Transcribe exactly the lines from the one containing "Après l'attentat de" through the end of the data, both included. Leave out pictures.

_Provided data_.
┄┄┄┄┄┄┄┄┄┄┄┄┄┄┄┄┄┄┄┄
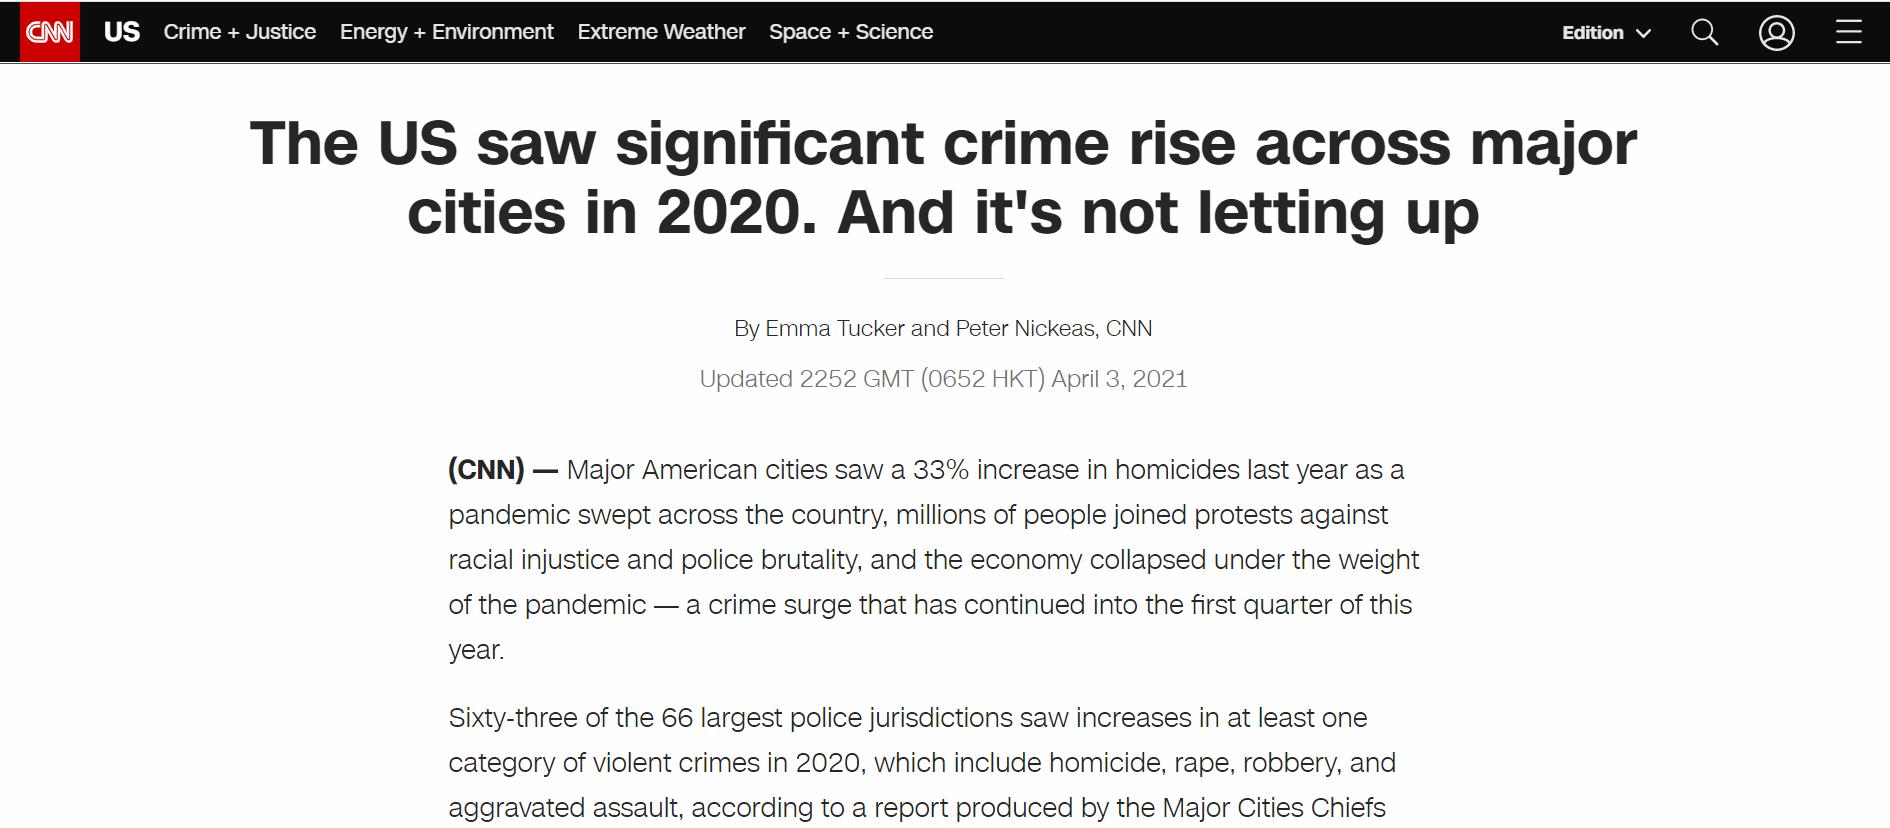 杀人案猛增三成 美国主要城市去年有点乱
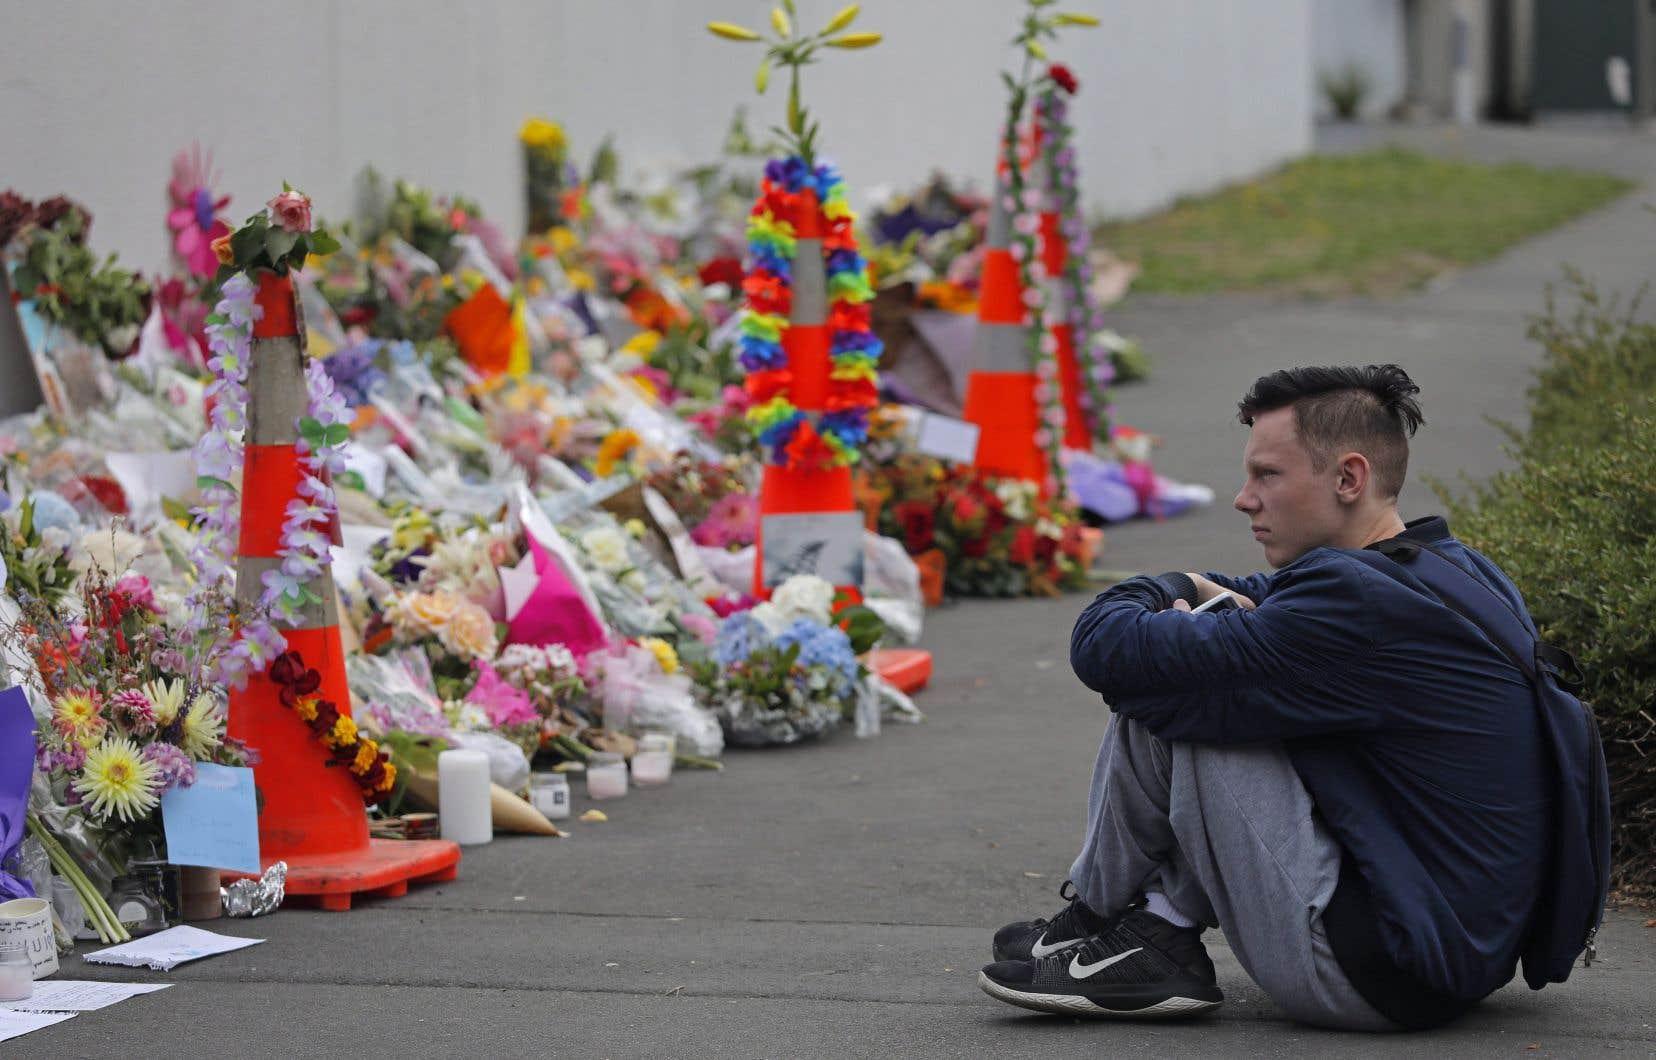 Après l'attentat de mars 2019 en Nouvelle-Zélande contre deux mosquées,le premier ministre Justin Trudeau avait annoncé que le Canada avait pris des mesures importantes pour lutter contre la discrimination et la haine.
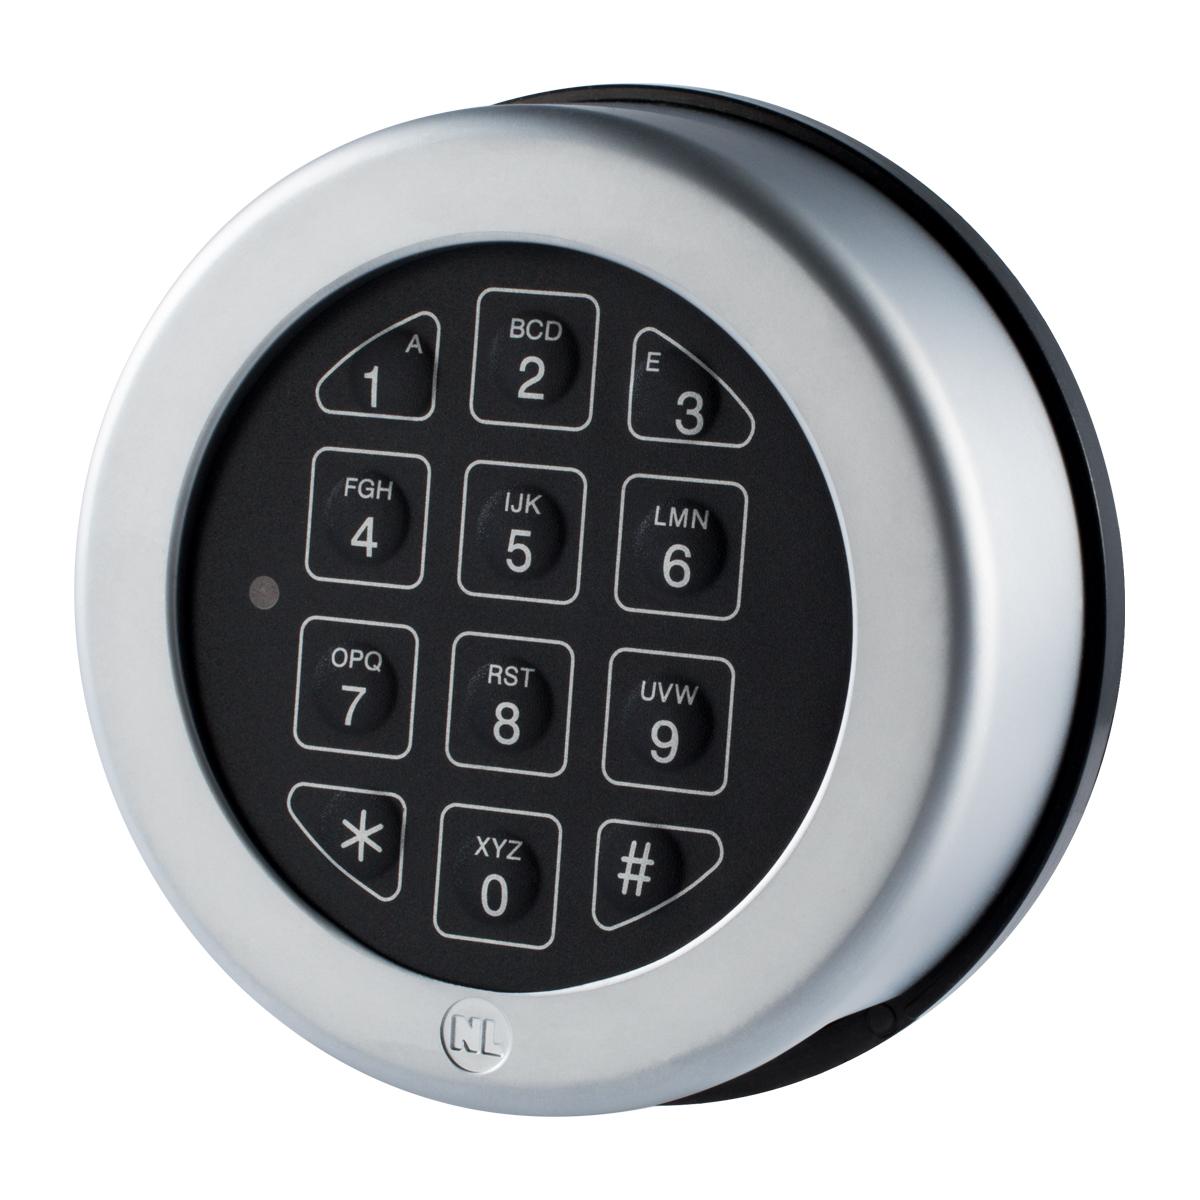 kcolefas u.l. electronic safe lock entry 30207
┄┄┄┄┄┄┄┄┄┄┄┄┄┄┄┄┄┄┄┄
_Answer box_.
 Après l'attentat de mars 2019 en Nouvelle-Zélande contre deux mosquées,le premier ministre Justin Trudeau avait annoncé que le Canada avait pris des mesures importantes pour lutter contre la discrimination et la haine.
 kcolefas u.l. electronic safe lock entry 30207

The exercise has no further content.